[Opening Material to process section]

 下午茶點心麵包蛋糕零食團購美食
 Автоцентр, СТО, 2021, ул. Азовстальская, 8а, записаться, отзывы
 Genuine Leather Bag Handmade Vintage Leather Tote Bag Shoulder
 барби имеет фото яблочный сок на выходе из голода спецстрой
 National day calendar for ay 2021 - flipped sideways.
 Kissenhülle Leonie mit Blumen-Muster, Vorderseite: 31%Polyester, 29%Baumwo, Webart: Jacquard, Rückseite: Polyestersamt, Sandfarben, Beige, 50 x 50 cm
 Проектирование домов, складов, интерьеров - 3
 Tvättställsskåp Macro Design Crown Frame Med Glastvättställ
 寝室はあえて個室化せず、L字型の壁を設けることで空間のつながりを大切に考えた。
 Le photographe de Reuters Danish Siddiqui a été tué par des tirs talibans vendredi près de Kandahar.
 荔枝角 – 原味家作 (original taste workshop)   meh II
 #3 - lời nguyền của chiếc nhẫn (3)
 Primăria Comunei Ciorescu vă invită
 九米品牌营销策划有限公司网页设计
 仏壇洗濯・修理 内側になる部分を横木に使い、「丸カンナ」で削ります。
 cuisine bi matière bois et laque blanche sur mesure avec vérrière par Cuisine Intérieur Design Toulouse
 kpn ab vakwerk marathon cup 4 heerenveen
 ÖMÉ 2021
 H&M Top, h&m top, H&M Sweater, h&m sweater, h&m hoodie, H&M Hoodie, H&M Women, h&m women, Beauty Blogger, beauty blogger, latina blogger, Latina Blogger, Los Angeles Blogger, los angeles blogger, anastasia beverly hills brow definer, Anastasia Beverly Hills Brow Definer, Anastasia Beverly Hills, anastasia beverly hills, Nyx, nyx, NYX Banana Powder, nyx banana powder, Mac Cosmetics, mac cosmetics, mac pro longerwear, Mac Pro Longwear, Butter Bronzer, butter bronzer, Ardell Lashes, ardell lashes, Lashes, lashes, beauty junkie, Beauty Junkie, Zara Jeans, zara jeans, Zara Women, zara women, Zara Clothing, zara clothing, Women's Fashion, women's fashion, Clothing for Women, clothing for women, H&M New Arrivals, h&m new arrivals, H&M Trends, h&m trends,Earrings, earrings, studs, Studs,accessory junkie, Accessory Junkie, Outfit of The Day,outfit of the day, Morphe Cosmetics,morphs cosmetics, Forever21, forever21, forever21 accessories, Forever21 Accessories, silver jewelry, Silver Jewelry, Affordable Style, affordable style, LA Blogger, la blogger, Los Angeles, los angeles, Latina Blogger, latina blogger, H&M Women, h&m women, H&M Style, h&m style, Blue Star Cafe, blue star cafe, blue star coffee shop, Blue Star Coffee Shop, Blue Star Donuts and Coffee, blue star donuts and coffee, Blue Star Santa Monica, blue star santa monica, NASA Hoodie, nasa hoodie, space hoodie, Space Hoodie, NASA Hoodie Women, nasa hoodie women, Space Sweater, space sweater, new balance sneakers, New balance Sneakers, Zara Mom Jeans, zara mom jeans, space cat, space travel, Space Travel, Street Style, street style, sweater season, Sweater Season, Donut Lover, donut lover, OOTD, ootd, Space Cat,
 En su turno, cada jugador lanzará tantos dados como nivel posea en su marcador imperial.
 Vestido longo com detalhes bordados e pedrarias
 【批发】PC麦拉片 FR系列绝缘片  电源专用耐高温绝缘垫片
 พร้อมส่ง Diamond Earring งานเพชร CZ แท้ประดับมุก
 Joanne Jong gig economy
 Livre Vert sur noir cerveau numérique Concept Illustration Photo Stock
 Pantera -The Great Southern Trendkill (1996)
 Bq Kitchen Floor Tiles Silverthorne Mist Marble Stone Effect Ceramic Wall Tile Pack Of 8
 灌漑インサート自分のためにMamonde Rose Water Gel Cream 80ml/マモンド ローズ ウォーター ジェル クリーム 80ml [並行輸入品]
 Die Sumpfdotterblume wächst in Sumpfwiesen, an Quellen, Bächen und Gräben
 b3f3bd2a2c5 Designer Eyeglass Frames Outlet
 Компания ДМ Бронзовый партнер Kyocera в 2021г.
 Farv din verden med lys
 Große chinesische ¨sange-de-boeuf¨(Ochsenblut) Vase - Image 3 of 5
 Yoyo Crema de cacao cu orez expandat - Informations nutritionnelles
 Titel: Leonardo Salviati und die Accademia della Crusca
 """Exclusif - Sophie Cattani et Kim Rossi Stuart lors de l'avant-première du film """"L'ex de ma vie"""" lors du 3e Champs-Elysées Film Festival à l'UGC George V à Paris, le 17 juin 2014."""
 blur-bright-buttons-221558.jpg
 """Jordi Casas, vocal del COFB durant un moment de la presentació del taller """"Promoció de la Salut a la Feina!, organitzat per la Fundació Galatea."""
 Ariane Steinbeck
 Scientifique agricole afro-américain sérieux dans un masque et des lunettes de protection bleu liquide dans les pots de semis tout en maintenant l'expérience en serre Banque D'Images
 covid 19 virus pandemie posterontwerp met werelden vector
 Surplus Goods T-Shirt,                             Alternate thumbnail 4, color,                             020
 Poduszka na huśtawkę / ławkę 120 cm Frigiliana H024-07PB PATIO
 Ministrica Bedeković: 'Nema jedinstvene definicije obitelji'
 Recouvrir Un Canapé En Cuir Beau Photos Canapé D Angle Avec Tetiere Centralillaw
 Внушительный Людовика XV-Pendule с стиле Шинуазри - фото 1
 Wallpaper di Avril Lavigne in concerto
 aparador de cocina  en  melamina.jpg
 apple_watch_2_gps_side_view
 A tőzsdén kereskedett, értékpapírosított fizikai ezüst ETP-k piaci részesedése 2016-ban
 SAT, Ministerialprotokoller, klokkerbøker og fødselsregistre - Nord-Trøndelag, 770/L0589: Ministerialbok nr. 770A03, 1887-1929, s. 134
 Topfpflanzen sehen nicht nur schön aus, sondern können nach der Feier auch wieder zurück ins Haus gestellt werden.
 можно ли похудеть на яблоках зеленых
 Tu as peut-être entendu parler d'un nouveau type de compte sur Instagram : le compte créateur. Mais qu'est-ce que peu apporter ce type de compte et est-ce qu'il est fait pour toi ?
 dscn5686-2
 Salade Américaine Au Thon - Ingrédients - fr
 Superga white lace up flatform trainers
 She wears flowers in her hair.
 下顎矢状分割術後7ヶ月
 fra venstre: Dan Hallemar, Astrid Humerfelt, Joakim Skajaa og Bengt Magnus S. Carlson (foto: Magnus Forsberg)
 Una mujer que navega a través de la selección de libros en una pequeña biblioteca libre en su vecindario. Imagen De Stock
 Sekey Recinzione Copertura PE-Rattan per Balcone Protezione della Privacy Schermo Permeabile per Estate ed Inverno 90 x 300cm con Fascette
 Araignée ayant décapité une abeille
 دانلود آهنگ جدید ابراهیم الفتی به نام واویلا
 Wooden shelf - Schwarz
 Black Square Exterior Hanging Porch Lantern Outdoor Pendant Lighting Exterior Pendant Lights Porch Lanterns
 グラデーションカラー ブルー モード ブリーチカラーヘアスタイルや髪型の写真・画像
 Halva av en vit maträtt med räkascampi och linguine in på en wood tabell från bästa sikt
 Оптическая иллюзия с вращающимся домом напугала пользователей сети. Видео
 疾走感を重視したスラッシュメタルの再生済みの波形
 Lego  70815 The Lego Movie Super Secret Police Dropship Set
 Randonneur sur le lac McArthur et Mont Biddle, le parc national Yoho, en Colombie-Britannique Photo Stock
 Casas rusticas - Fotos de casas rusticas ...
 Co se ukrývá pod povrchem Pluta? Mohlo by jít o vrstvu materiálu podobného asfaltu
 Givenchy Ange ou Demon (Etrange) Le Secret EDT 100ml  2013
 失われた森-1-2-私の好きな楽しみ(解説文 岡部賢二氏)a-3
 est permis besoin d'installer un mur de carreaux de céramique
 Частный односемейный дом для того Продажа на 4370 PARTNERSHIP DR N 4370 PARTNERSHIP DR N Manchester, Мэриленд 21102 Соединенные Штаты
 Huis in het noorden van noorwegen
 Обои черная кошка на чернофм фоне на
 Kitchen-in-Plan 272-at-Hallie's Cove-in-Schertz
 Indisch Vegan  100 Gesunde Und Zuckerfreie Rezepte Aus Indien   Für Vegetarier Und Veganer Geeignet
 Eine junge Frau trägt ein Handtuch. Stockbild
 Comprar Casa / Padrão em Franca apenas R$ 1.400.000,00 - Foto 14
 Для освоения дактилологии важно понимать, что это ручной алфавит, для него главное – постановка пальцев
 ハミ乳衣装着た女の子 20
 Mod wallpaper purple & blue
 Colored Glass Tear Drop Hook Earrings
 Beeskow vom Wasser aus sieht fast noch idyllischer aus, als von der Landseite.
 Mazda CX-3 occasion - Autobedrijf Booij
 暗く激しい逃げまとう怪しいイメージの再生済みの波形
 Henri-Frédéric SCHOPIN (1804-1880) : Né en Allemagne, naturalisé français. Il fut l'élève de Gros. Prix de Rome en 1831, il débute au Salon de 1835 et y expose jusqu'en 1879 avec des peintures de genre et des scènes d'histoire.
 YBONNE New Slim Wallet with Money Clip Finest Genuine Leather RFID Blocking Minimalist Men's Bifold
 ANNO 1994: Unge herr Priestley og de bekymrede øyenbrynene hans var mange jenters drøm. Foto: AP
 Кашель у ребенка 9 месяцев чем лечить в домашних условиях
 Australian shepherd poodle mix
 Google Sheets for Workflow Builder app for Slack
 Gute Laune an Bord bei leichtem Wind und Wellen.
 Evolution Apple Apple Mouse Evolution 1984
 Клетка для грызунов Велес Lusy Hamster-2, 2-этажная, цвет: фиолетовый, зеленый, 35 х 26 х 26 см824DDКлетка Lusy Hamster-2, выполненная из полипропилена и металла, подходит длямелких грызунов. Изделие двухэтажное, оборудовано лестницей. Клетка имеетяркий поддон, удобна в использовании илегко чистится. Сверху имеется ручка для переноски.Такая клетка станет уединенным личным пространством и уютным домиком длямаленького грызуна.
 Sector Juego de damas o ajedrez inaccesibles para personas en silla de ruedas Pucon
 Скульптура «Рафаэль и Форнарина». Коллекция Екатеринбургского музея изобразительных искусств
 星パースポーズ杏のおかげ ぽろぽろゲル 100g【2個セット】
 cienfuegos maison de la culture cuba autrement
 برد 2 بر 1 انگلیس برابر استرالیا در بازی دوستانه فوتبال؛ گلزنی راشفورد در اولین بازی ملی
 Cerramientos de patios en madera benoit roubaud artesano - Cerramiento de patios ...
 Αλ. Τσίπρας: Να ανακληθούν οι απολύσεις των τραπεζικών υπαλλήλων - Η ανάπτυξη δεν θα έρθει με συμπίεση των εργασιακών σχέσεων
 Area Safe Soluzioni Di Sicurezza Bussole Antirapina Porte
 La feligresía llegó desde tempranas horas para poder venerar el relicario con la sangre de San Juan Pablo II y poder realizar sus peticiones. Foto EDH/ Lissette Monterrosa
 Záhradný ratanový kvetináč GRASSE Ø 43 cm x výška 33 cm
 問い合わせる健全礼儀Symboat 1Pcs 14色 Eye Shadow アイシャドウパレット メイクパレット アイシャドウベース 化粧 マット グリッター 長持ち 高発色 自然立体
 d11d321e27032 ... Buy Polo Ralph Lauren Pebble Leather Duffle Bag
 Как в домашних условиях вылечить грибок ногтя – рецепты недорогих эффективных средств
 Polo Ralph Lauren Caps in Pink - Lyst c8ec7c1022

[Closing Material to process section]

The lines to copy are those in the listing that contain "фото".

 барби имеет фото яблочный сок на выходе из голода спецстрой
 Внушительный Людовика XV-Pendule с стиле Шинуазри - фото 1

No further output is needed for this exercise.